When individual interfaces lack dedicated traffic protection rules, unexpected traffic surges can destabilize your microservice applications. System protection provides node-level safeguards that cover all interfaces on a node, acting as a baseline safety net to maintain application stability.
Microservices Governance offers five system protection types:
| Protection type | Monitors | Applies to | Agent version |
|---|---|---|---|
| Adaptive overload protection | CPU utilization | All server interfaces | V3.1.4+ |
| Total QPS throttling | Sum of QPS across all interfaces on a node | All server interfaces | 4.2.0+ |
| Total concurrency throttling | Sum of concurrent requests across all interfaces on a node | All server interfaces | 4.2.0+ |
| Abnormal call circuit breaking | Error percentage per client interface | All client interfaces | 4.2.0+ |
| Slow call circuit breaking | Slow call percentage per client interface | All client interfaces | 4.2.0+ |
All system protection rules have lower priority than interface-level traffic protection rules. When throttling or circuit breaking triggers, the system returns HTTP status code 429. For a detailed comparison, see System protection vs. traffic protection.

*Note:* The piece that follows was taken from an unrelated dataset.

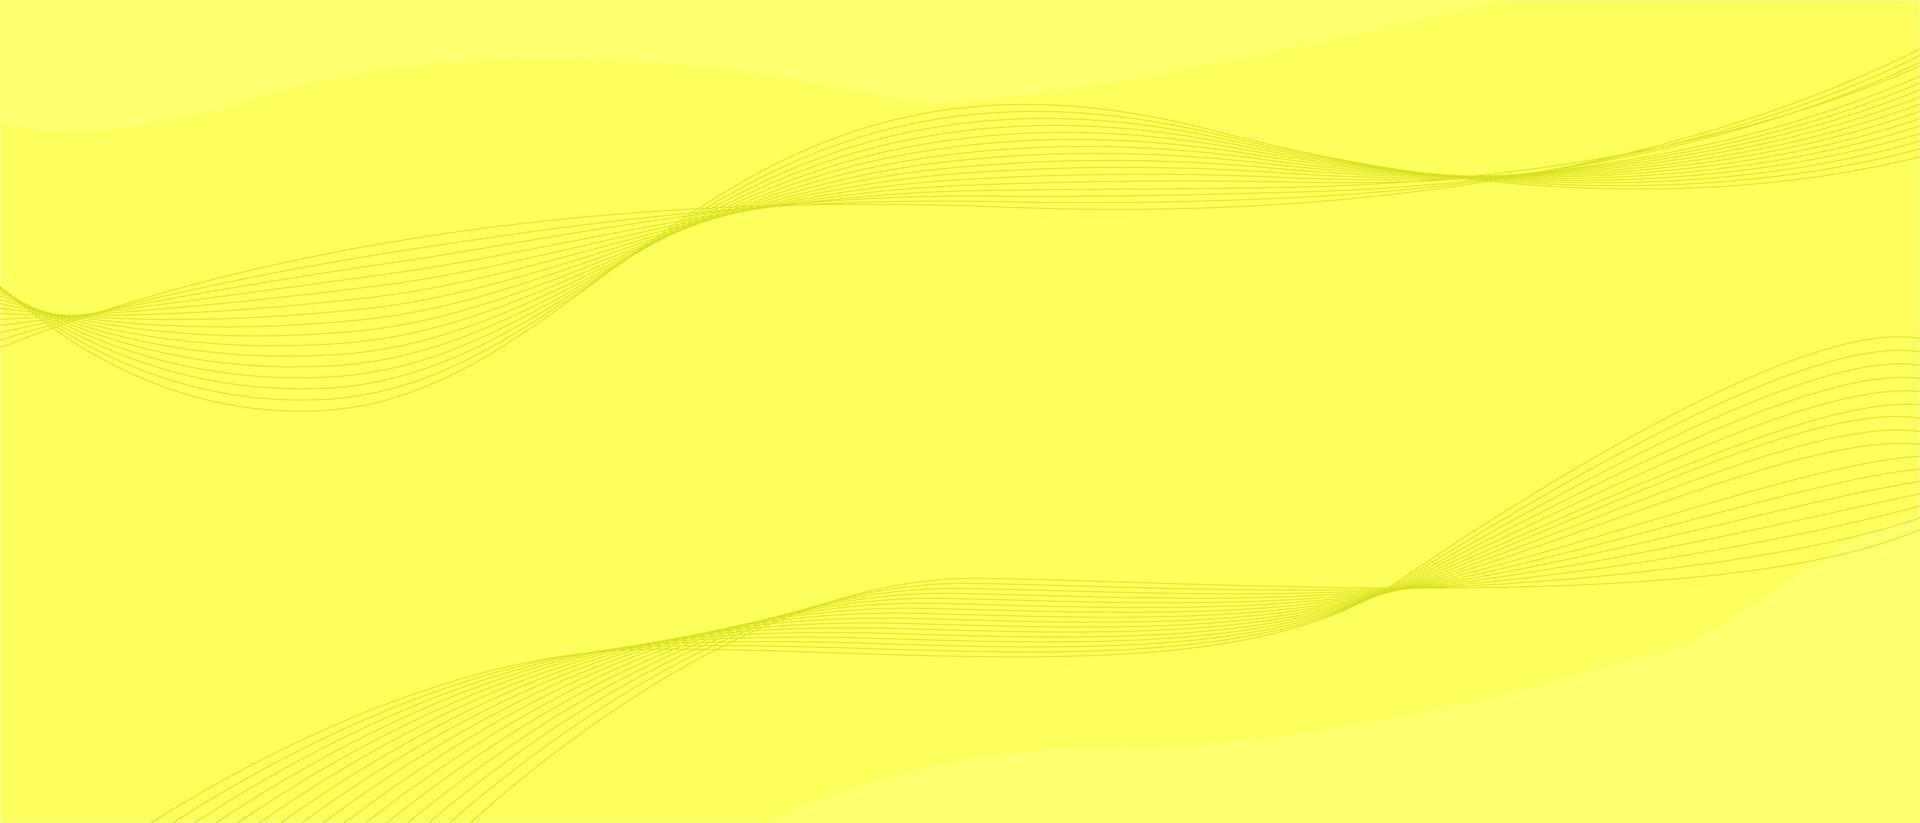 fondo amarillo con línea ondulada geométrica vector

Choose the right protection type
Use this decision matrix to identify which protection types fit your scenario:
| Scenario | Recommended protection | Why |
|---|---|---|
| CPU-sensitive application with traffic-driven load | Adaptive overload protection | Dynamically adjusts throttling based on CPU utilization gap |
| Performance limited by memory, network, or other factors (not CPU) | Total QPS throttling | Caps request rate regardless of CPU load |
| High response times (typically over 1 second) causing request queuing | Total QPS throttling + Total concurrency throttling | QPS throttling alone cannot prevent queue buildup when requests take longer than 1 second to complete |
| Downstream services returning frequent errors | Abnormal call circuit breaking | Enables fast failure to prevent request queuing in the caller |
| Downstream services responding slowly but not timing out | Slow call circuit breaking | Detects slow responses independently of timeout settings |
Best practice: Start with system protection as a baseline safety net, then add interface-level traffic protection rules to minimize unnecessary throttling on individual interfaces.
Configure system protection rules
Before you begin, make sure that you have:
Microservices Governance Enterprise Edition activated. For more information, see Activate Microservices Governance
Microservices Governance enabled for your application. For more information, see Enable Microservices Governance for Java microservice applications in an ACK or ACS cluster and Enable Microservices Governance for microservice applications on ECS instances
To configure system protection:
Log on to the MSE console and select a region in the top navigation bar.
In the left-side navigation pane, choose Microservices Governance > Application Governance.
On the Application list page, click the resource card of the target application. In the left-side navigation pane, click Traffic management.
Click the System Protection tab and configure the protection types described in the following sections.
Adaptive overload protection
Requires agent V3.1.4 or later.
How it works
Adaptive overload protection uses CPU utilization to gauge system load. When CPU usage approaches the configured threshold, the system adaptively adjusts the throttling percentage of server traffic -- rejecting a portion of incoming requests to keep CPU utilization within a small range around the threshold.
This protection takes effect on all server interfaces.
When to use it
Use adaptive overload protection for CPU-sensitive applications where unexpected traffic surges directly increase CPU load and degrade response times.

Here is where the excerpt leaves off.